With the exception of the pictures, write out the data below precisely.

Information shown
○ ○ ○
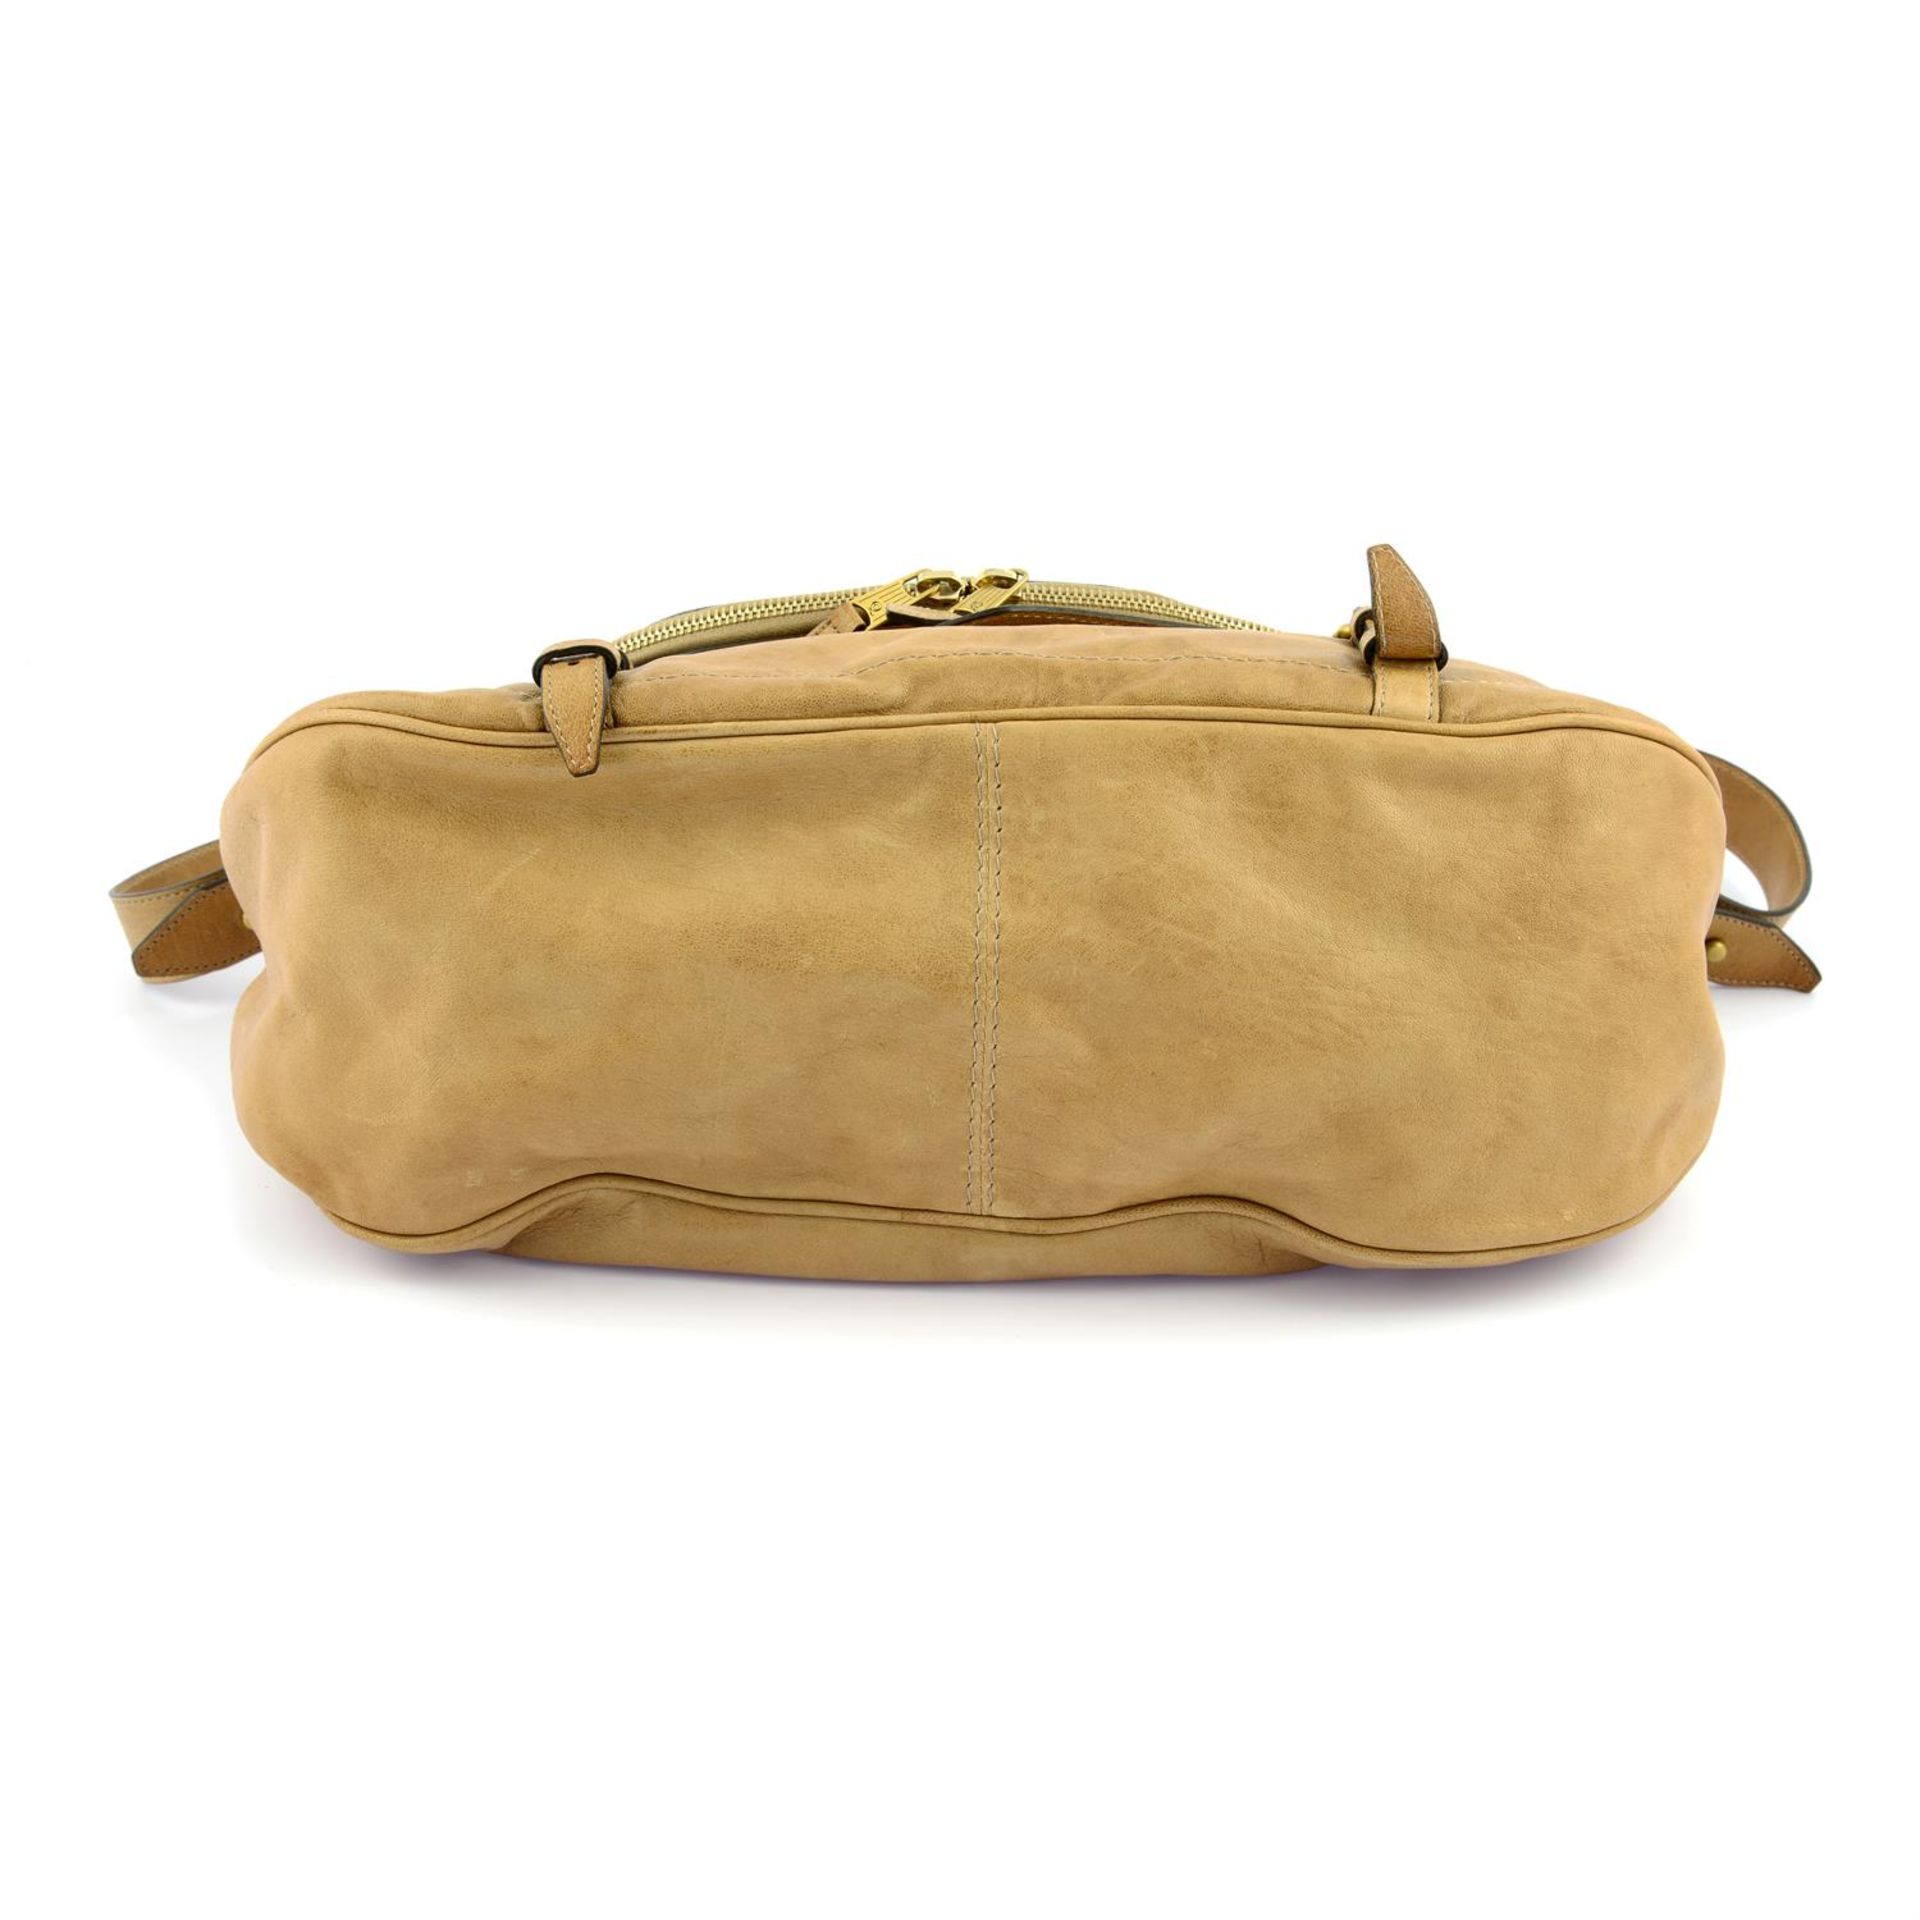 ALEXANDER MCQUEEN - a tan leather Faithfull handbag. - Bild 4 aus 5
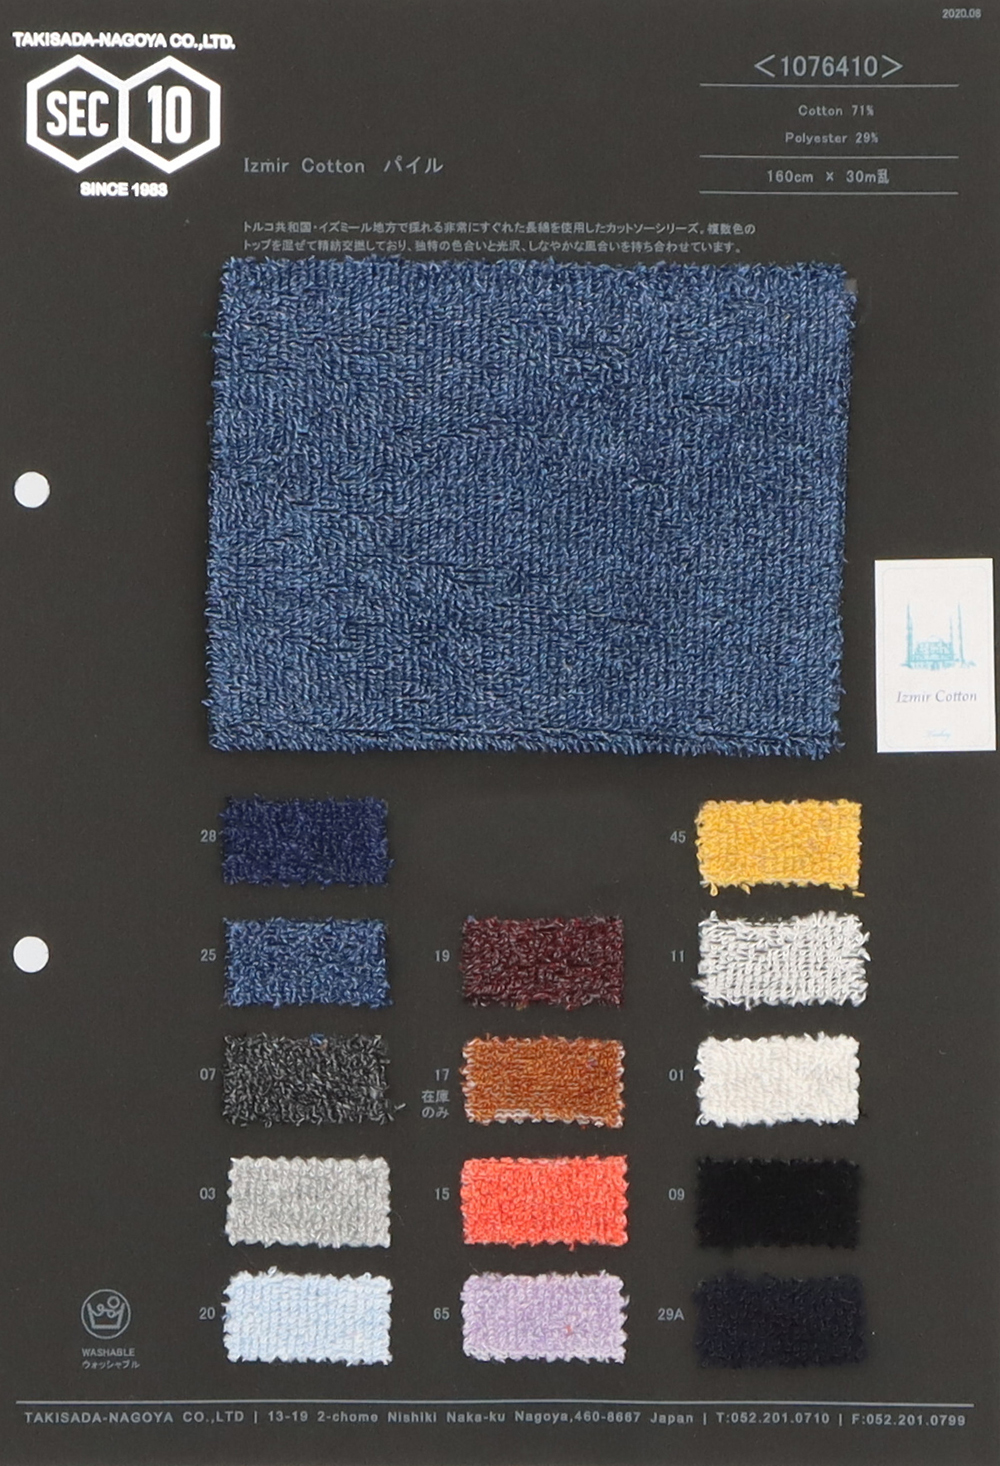 1076410 Jersey De Coton à Poils Longs Izmir[Fabrication De Textile] Takisada Nagoya
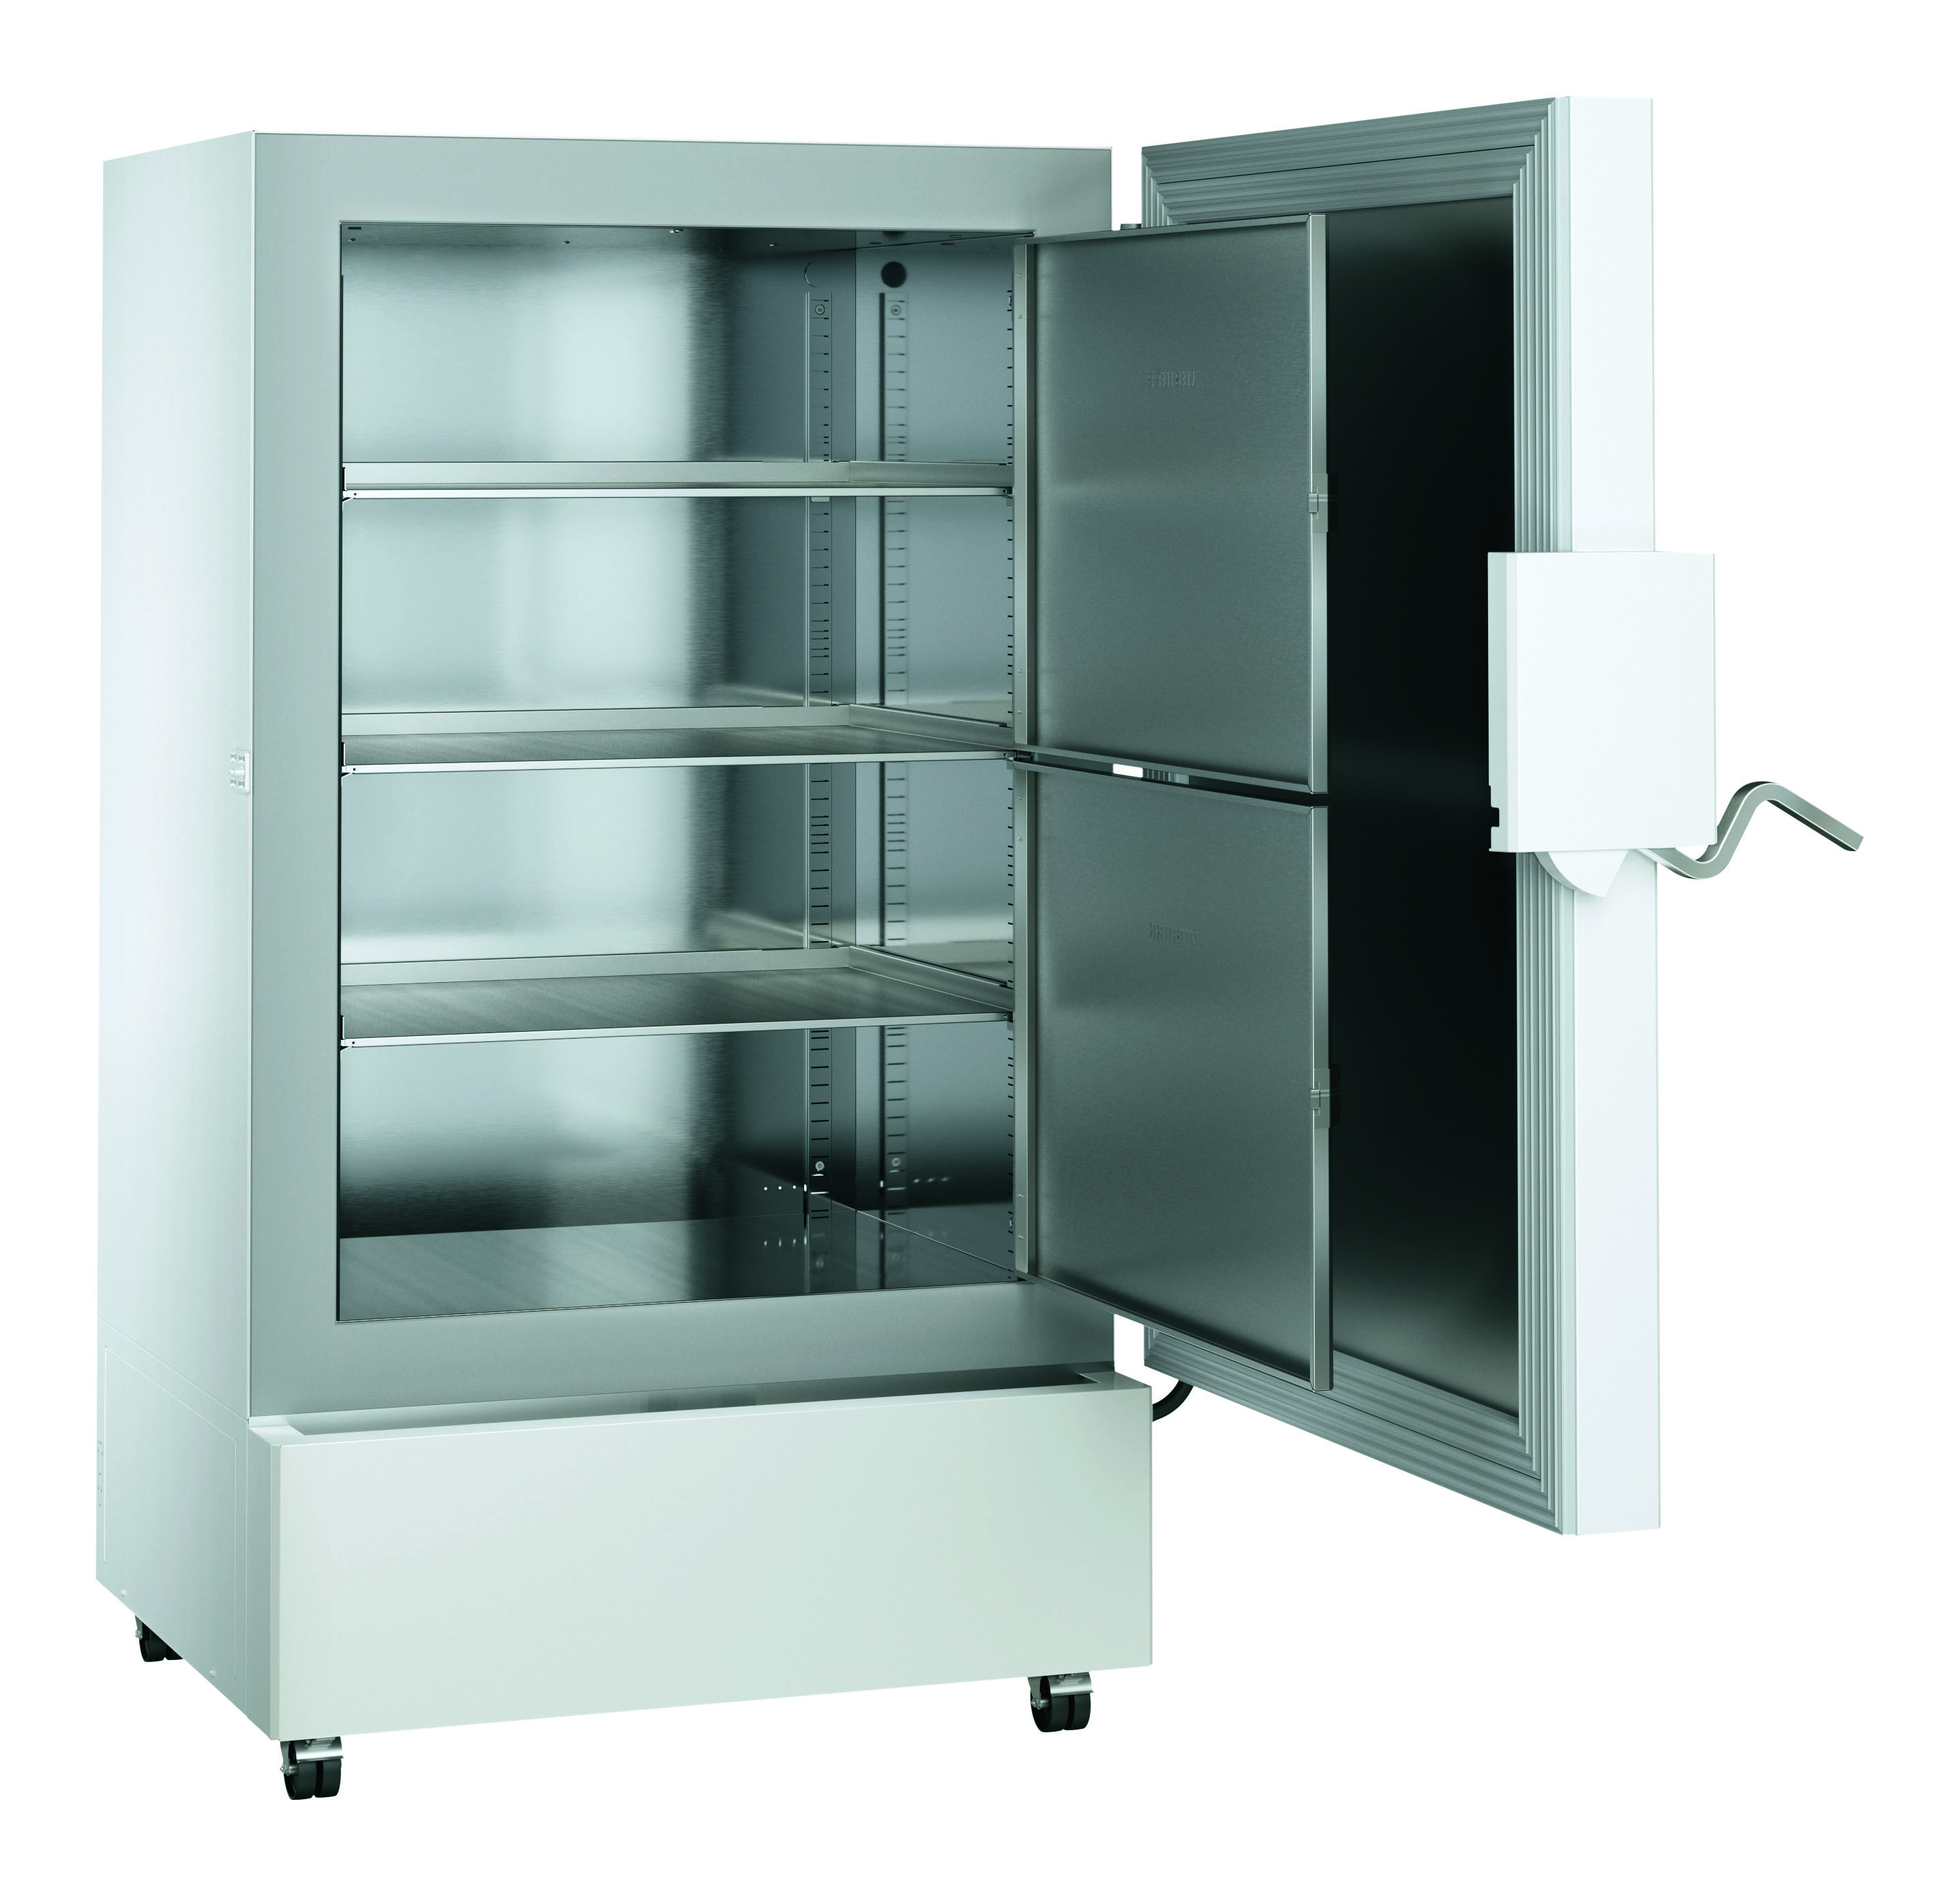 Ultra Low Temperature Freezer - 728 Litre
○ ○ ○
Reply to the exercise
 ALEXANDER MCQUEEN - a tan leather Faithfull handbag. - Bild 4 aus 5
 1076410 Jersey De Coton à Poils Longs Izmir[Fabrication De Textile] Takisada Nagoya
 Ultra Low Temperature Freezer - 728 Litre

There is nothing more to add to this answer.